LLMbench: A Comparative Close Reading Workbench for Large Language Models

arXiv cs.AI / 4/20/2026

📰 NewsIdeas & Deep AnalysisTools & Practical UsageModels & Research

Key Points

  • LLMbench is introduced as a browser-based workbench that enables side-by-side, close reading of large language model (LLM) outputs rather than focusing mainly on numerical rating metrics.
  • The system adds four analytical overlays—token-level log-probability inspection, word-level differences, Hyland-style tone/metadiscourse analysis, and sentence-level structure with discourse connective highlighting.
  • It includes six analytical modes (e.g., stochastic variation, temperature gradients, prompt sensitivity, token probabilities, and cross-model divergence) to make the probabilistic structure behind generation more interpretable at the token level.
  • The tool visualizes outputs as probability distributions (using heatmaps, entropy sparklines, pixel maps, and 3D probability “terrains”) to reveal counterfactual histories of how each word could have emerged.
  • The paper argues that log-probability data—currently underused in humanities and social-science readings—should be treated as a valuable resource for critical study of generative AI models.

Abstract

LLMbench is a browser-based workbench for the comparative close reading of large language model (LLM) outputs.

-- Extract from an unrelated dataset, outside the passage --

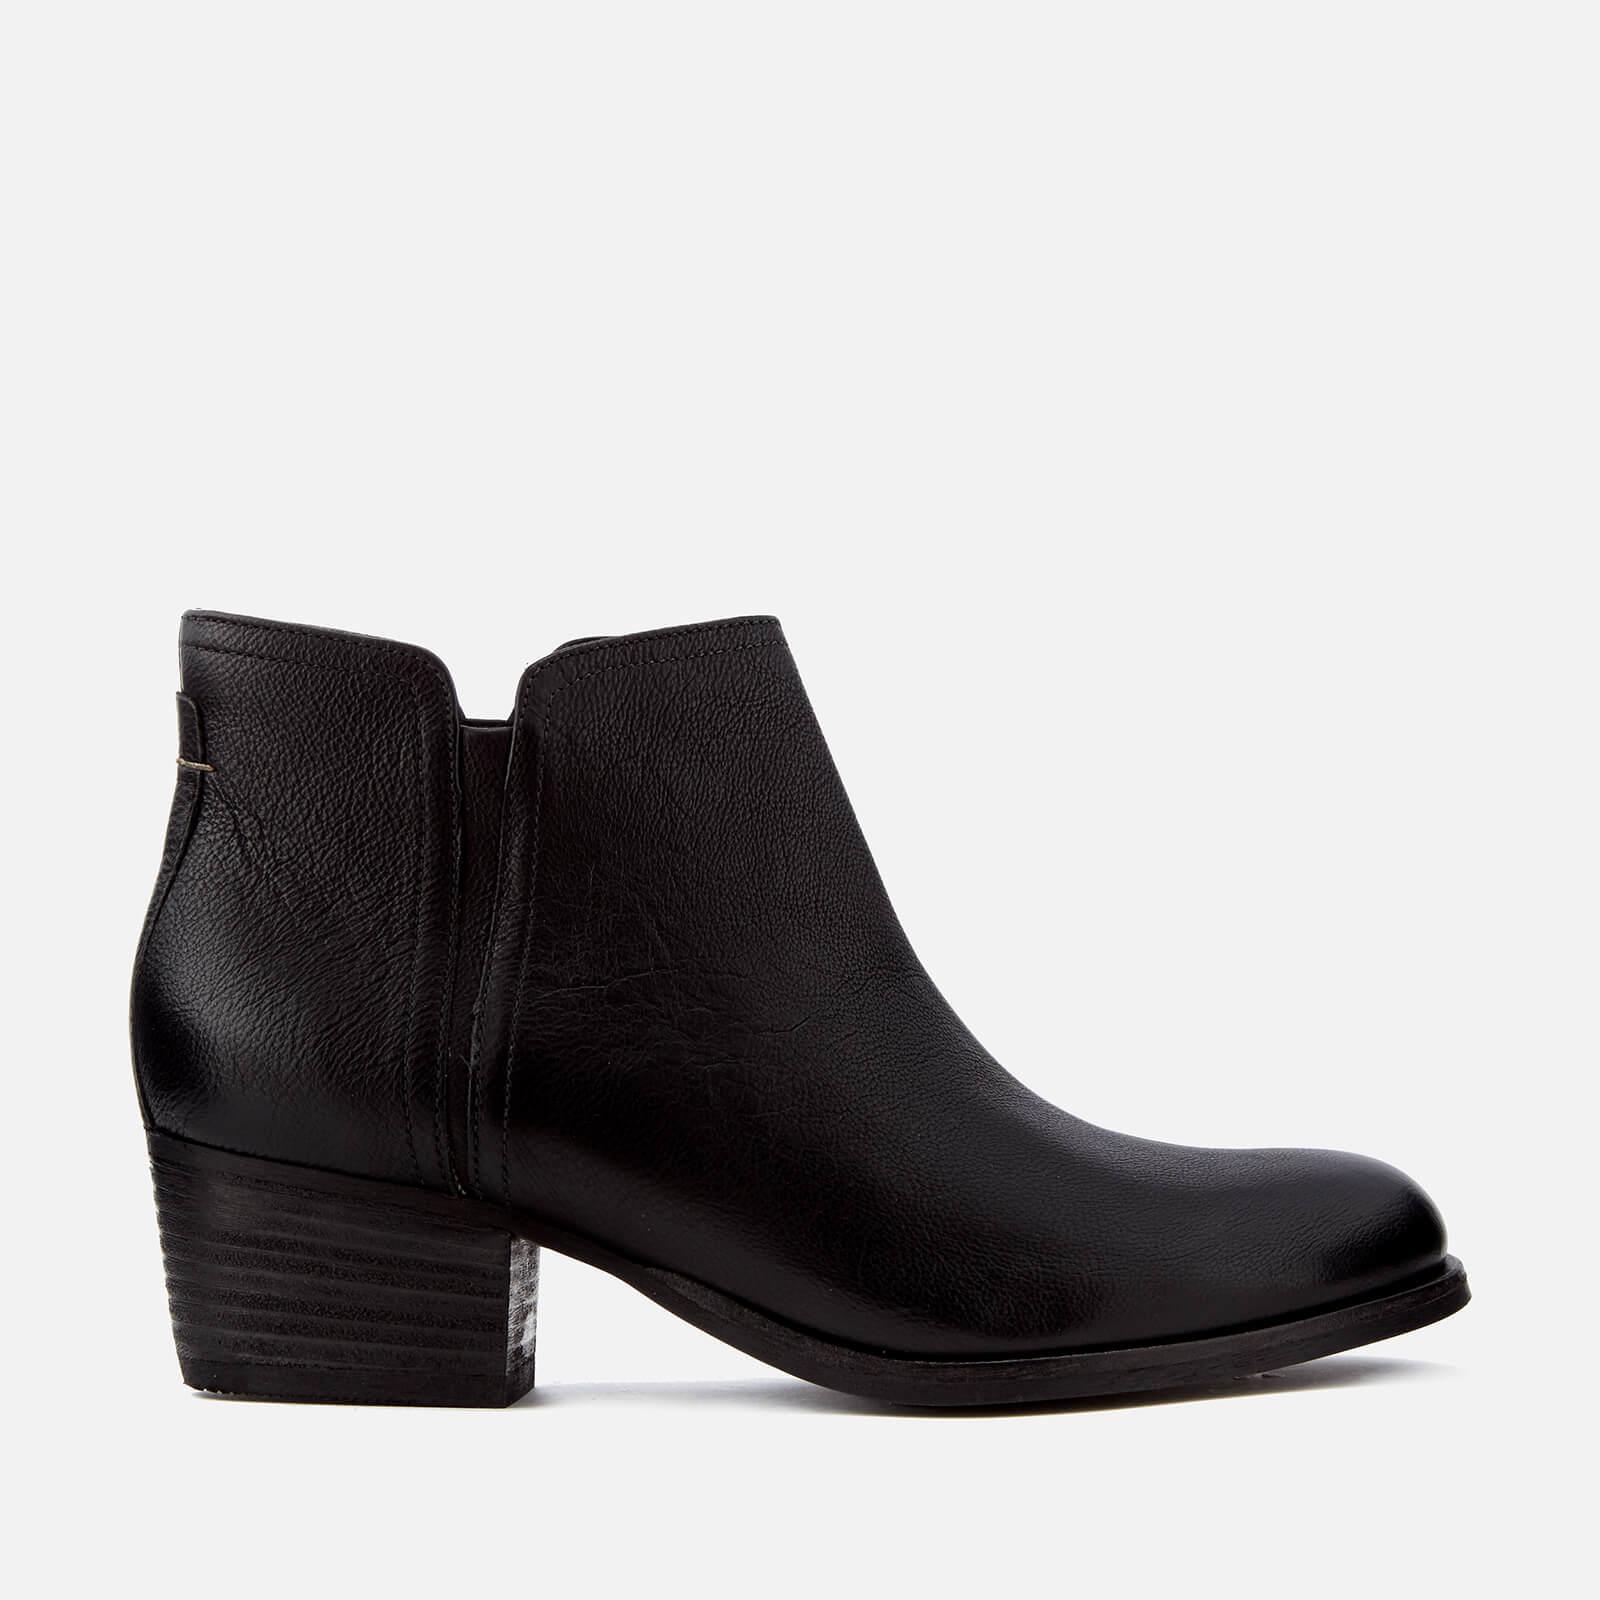 Clarks Women's Maypearl Ramie Leather Ankle Boots in Black - Lyst

Where existing tools for LLM comparison, such as Google PAIR's LLM Comparator are engineered for quantitative evaluation and user-rating metrics, LLMbench is oriented towards the hermeneutic practices of the digital humanities. Two model responses to the same prompt are side by side in annotatable panels with four analytical overlays (Probabilities for token-level log-probability inspection, Differences for word-level diff across the two panels, Tone for Hyland-style metadiscourse analysis, and Structure for sentence-level parsing with discourse connective highlighting), alongside five analytical modes, Stochastic Variation, Temperature Gradient, Prompt Sensitivity, Token Probabilities, and Cross-Model Divergence, that make the probabilistic structure of generated text legible at the token level. The tool treats the generated text as a research object in its own right from a probability distribution, a text that could have been otherwise, and provides visualisations including continuous heatmaps, entropy sparklines, pixel maps, and three-dimensional probability terrains, that show the counterfactual history from which each word emerged. This paper describes the tool's architecture, its six modes, and its design rationale, and argues that log-probability data, currently underused in humanistic and social-scientific readings of AI, is an important resource for a critical studies of generative AI models.